#### ABOUT THIS TASK
Pictures are to be left out, and only the lines from the one containing "Benetton check dress with rouches. 1" through the last line of the data are to be returned exactly.

#### SOURCE MATERIAL
»»
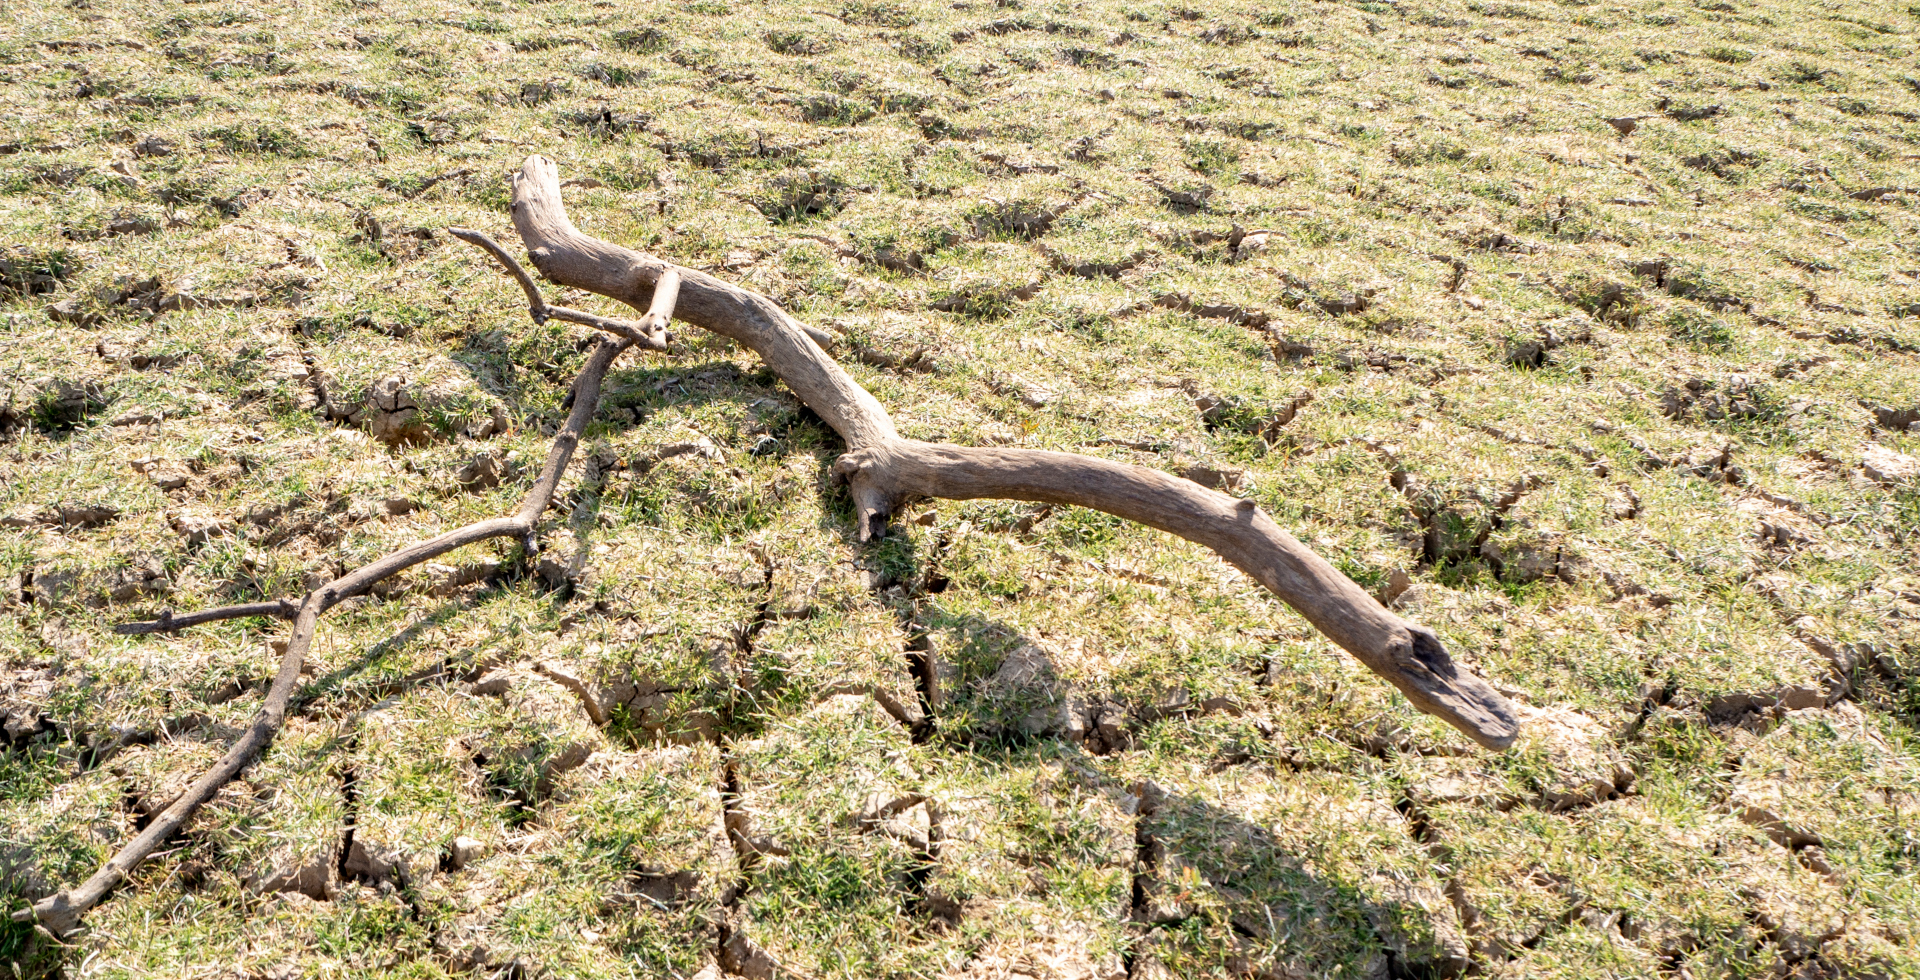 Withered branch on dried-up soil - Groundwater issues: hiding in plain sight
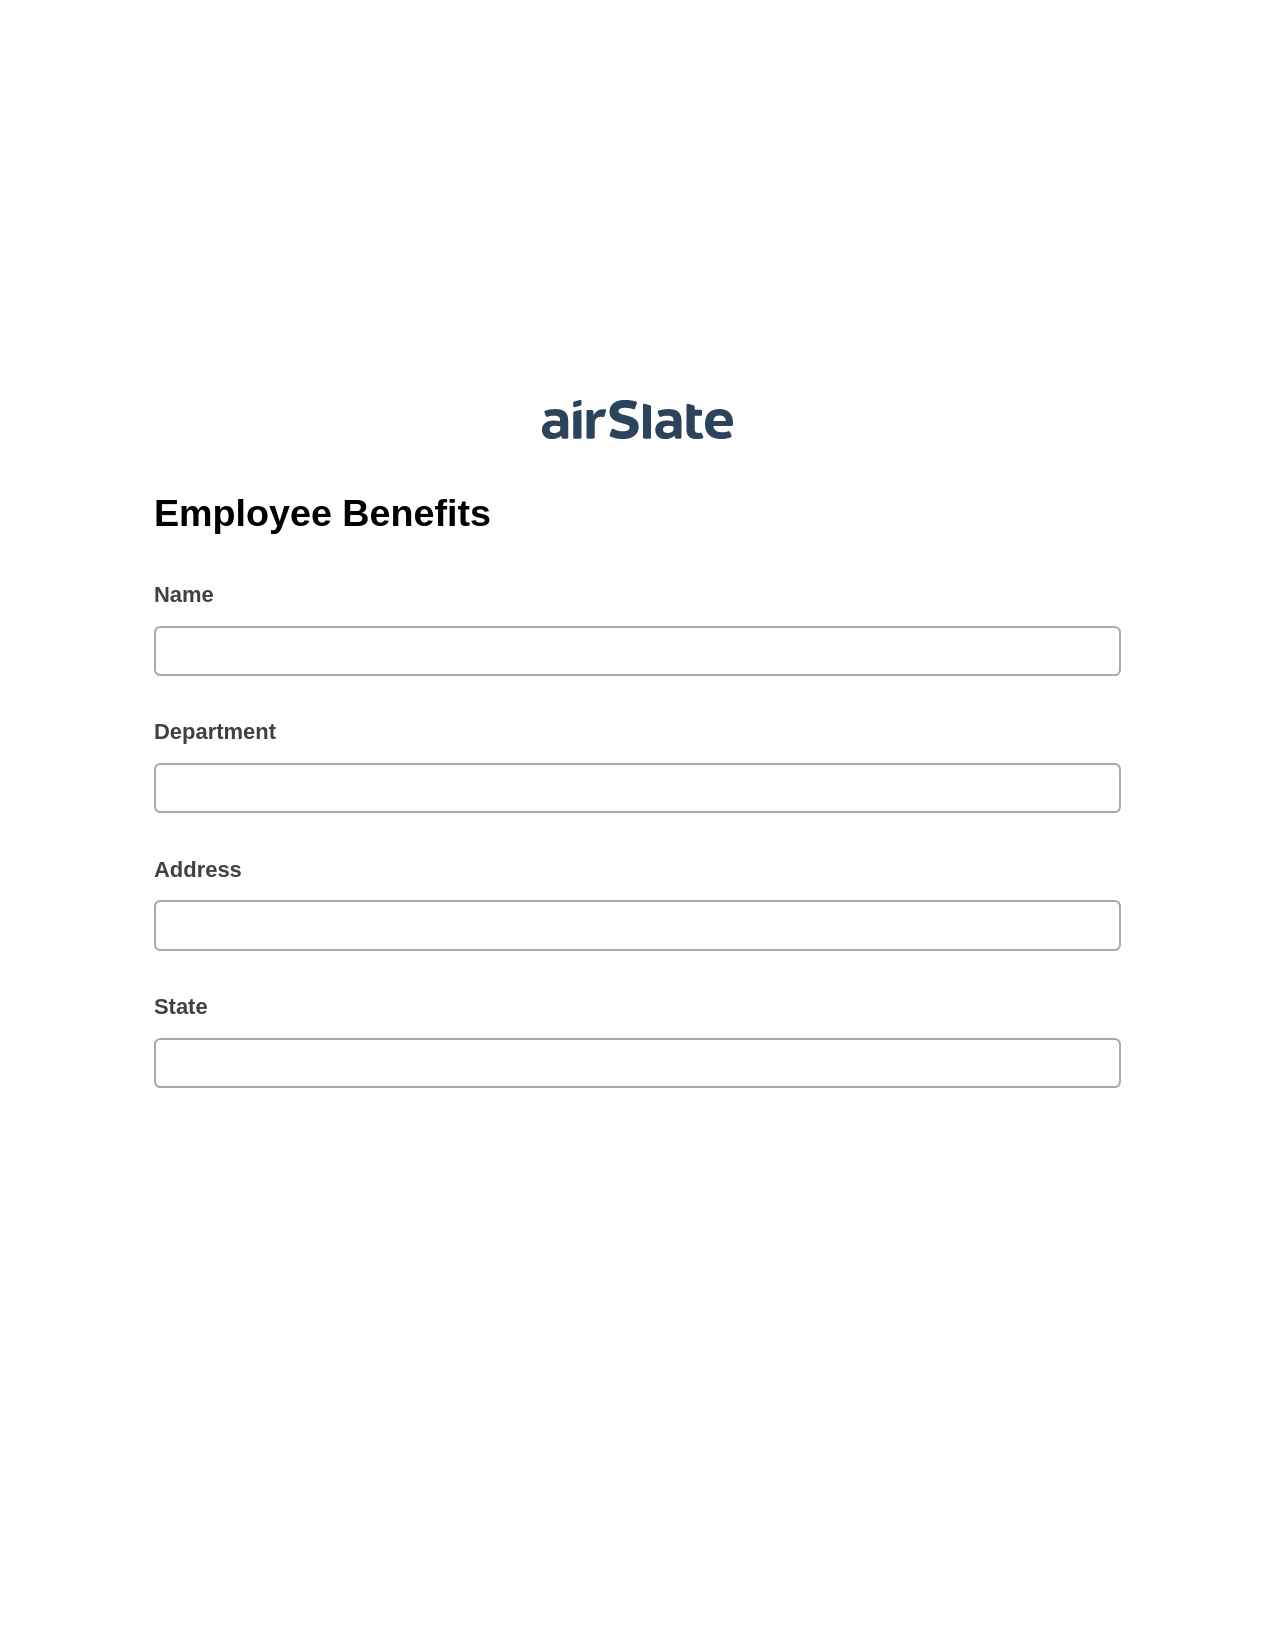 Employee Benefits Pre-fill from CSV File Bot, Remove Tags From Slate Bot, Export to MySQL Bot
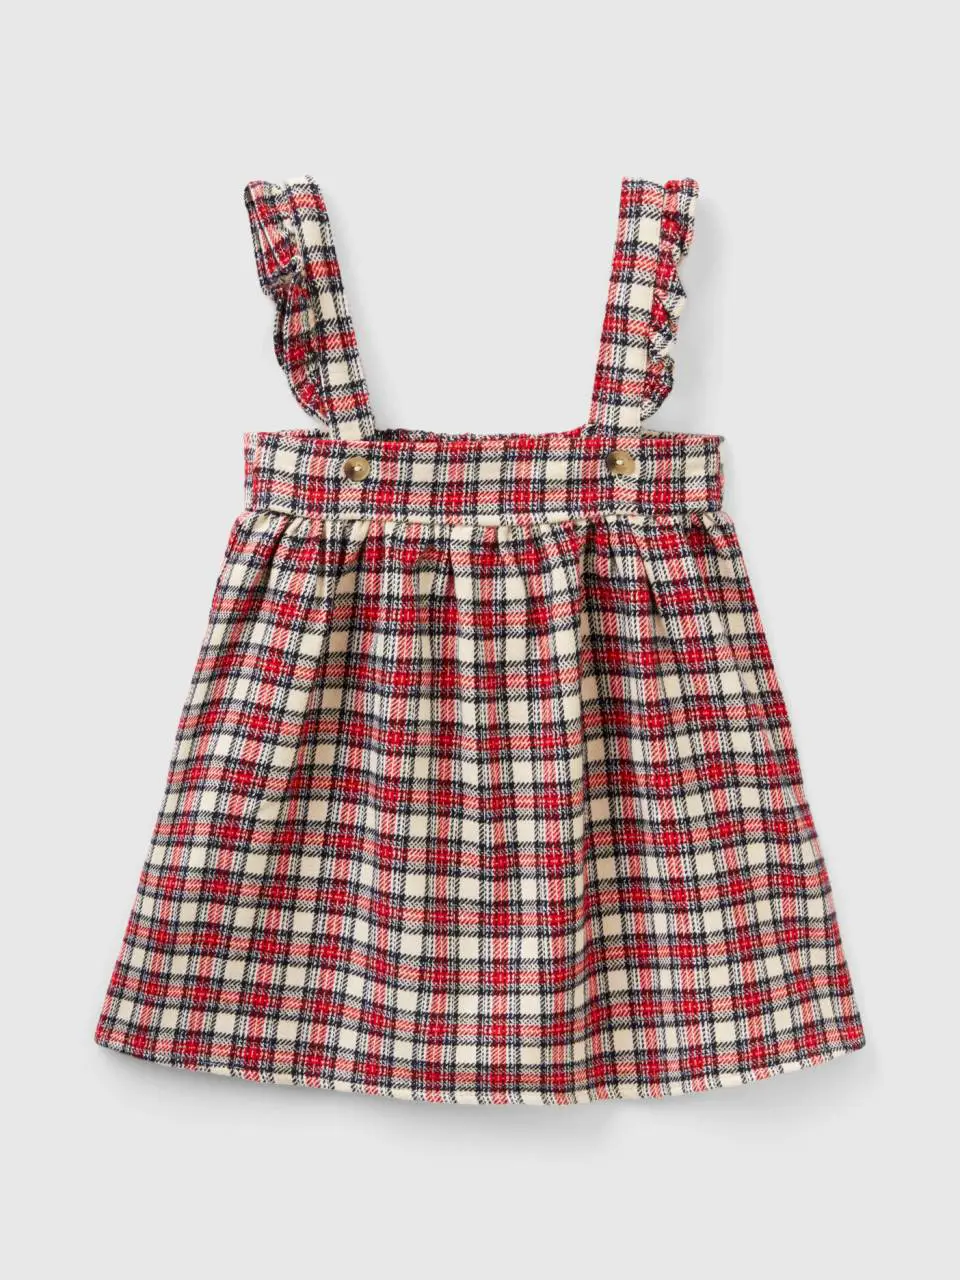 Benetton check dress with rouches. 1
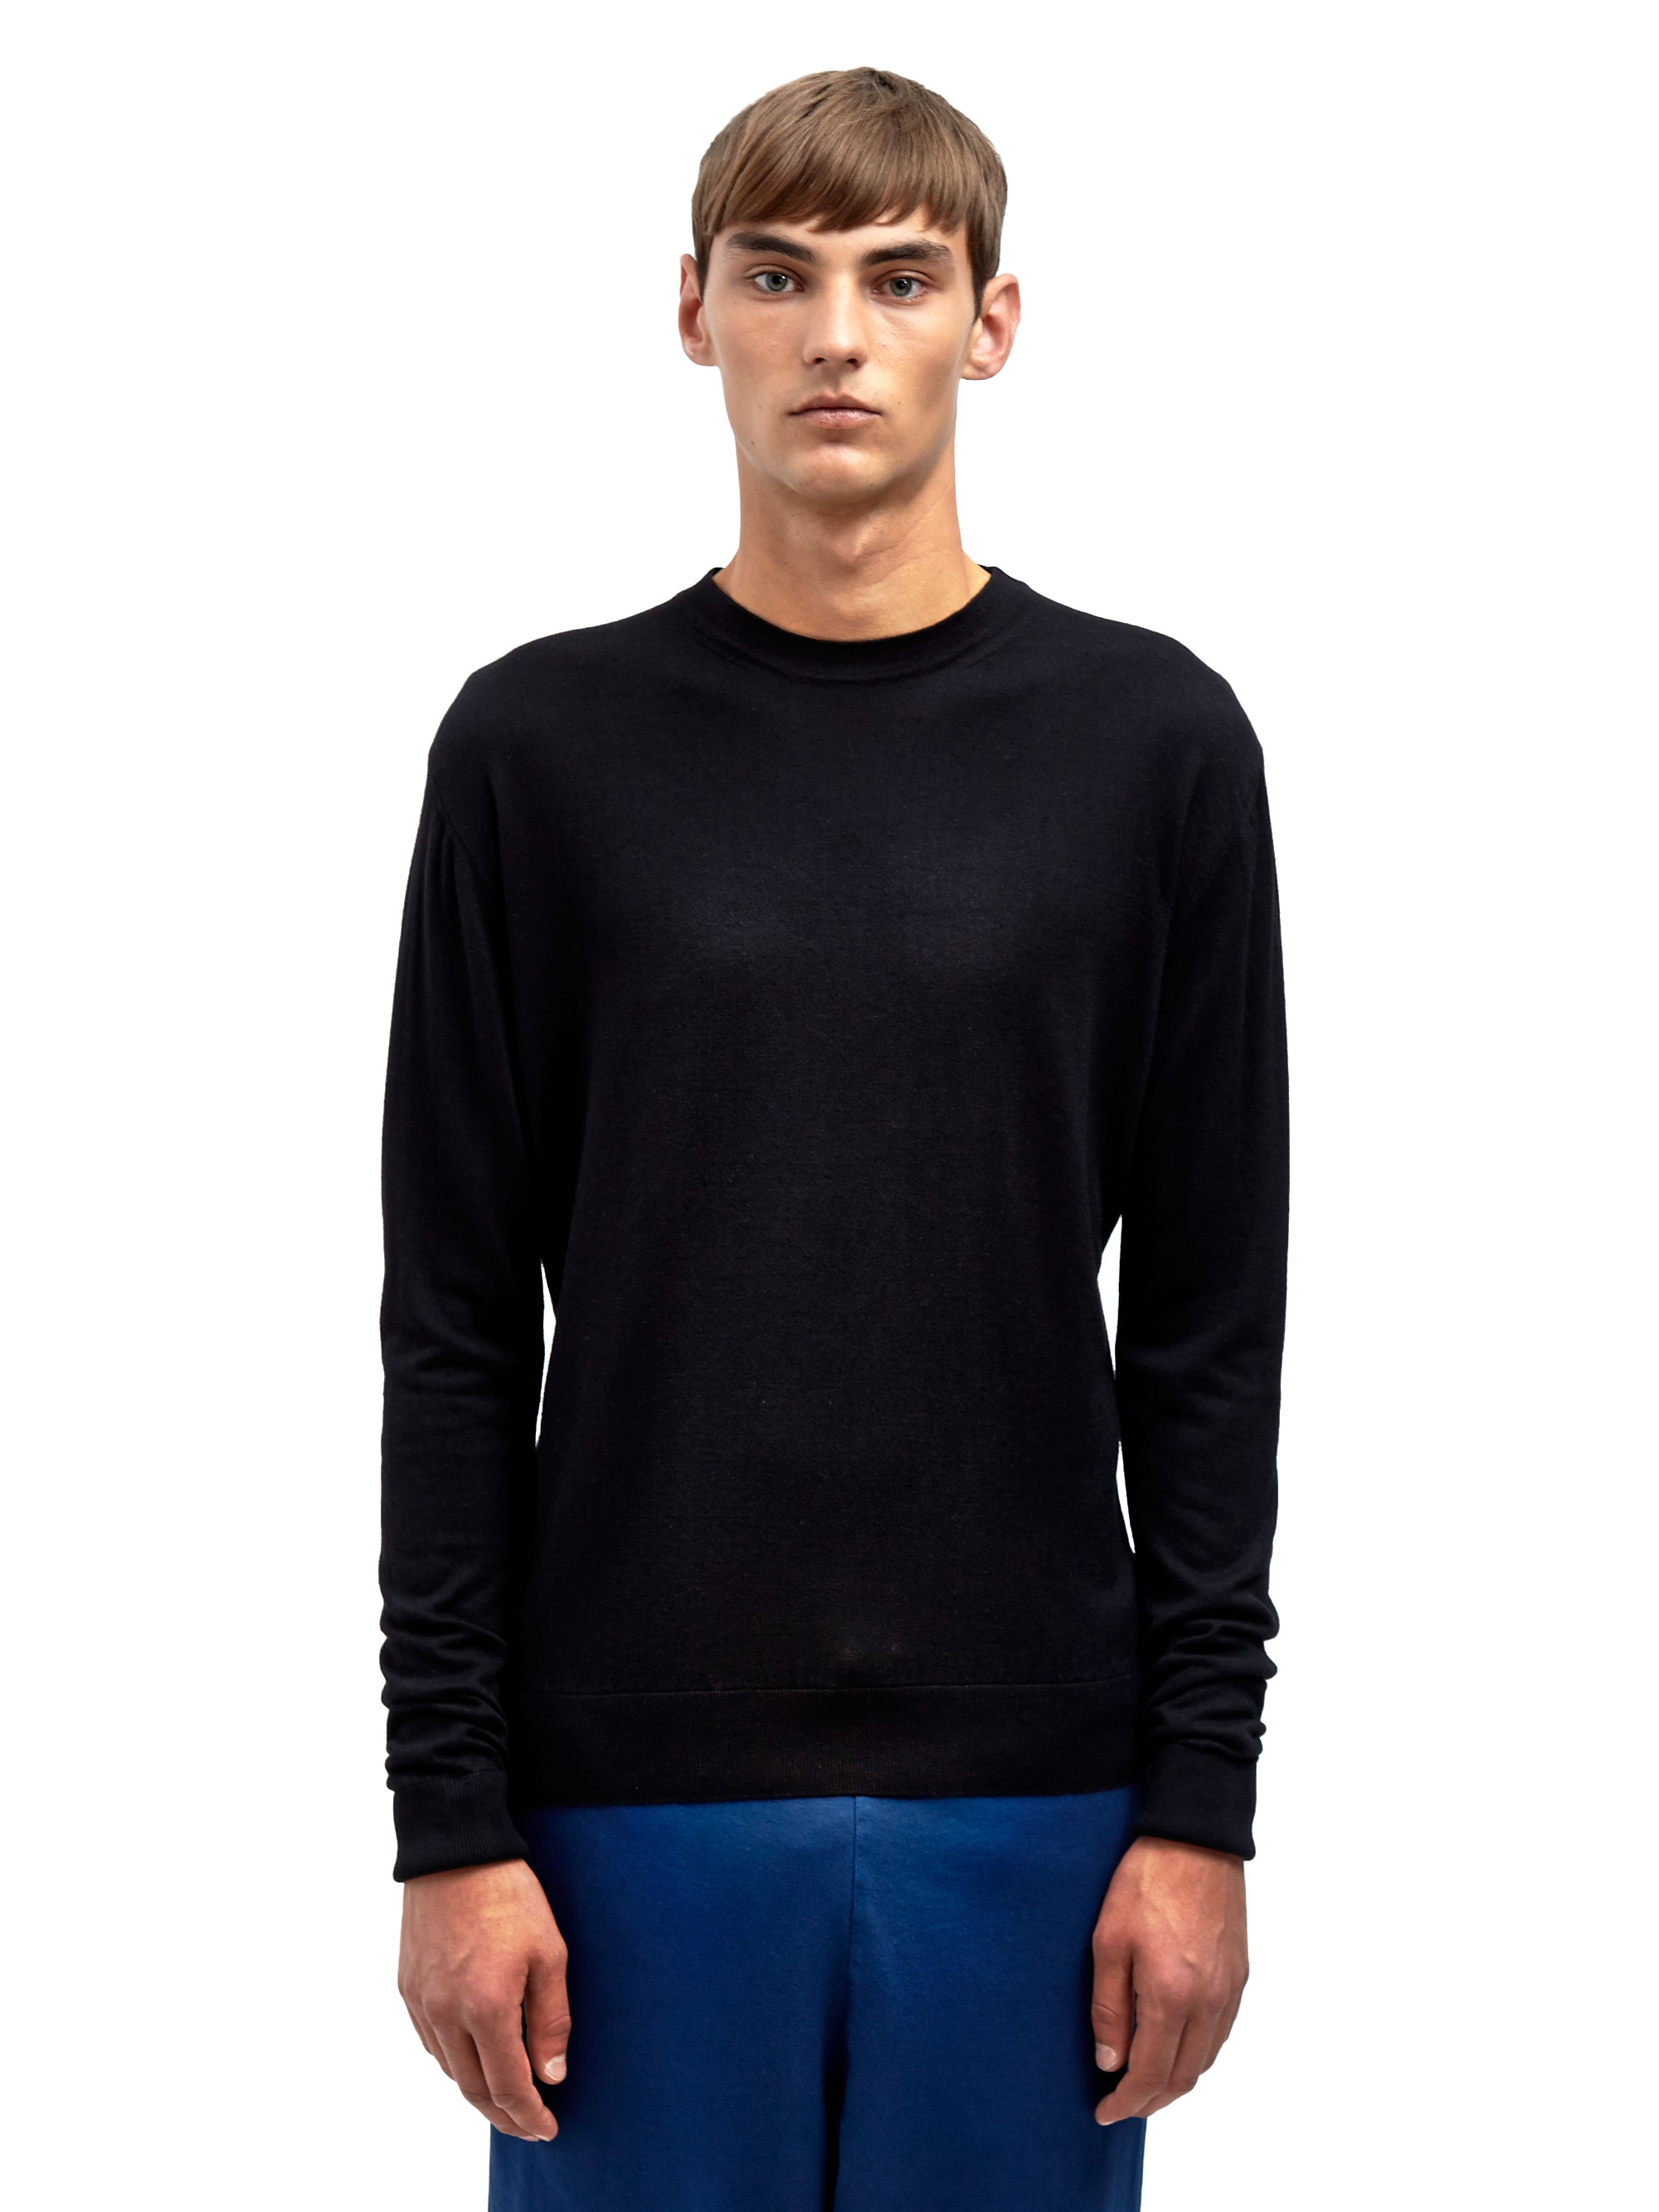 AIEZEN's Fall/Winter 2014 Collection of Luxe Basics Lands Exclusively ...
««
#### ANSWER BELOW
 Benetton check dress with rouches. 1
 AIEZEN's Fall/Winter 2014 Collection of Luxe Basics Lands Exclusively ...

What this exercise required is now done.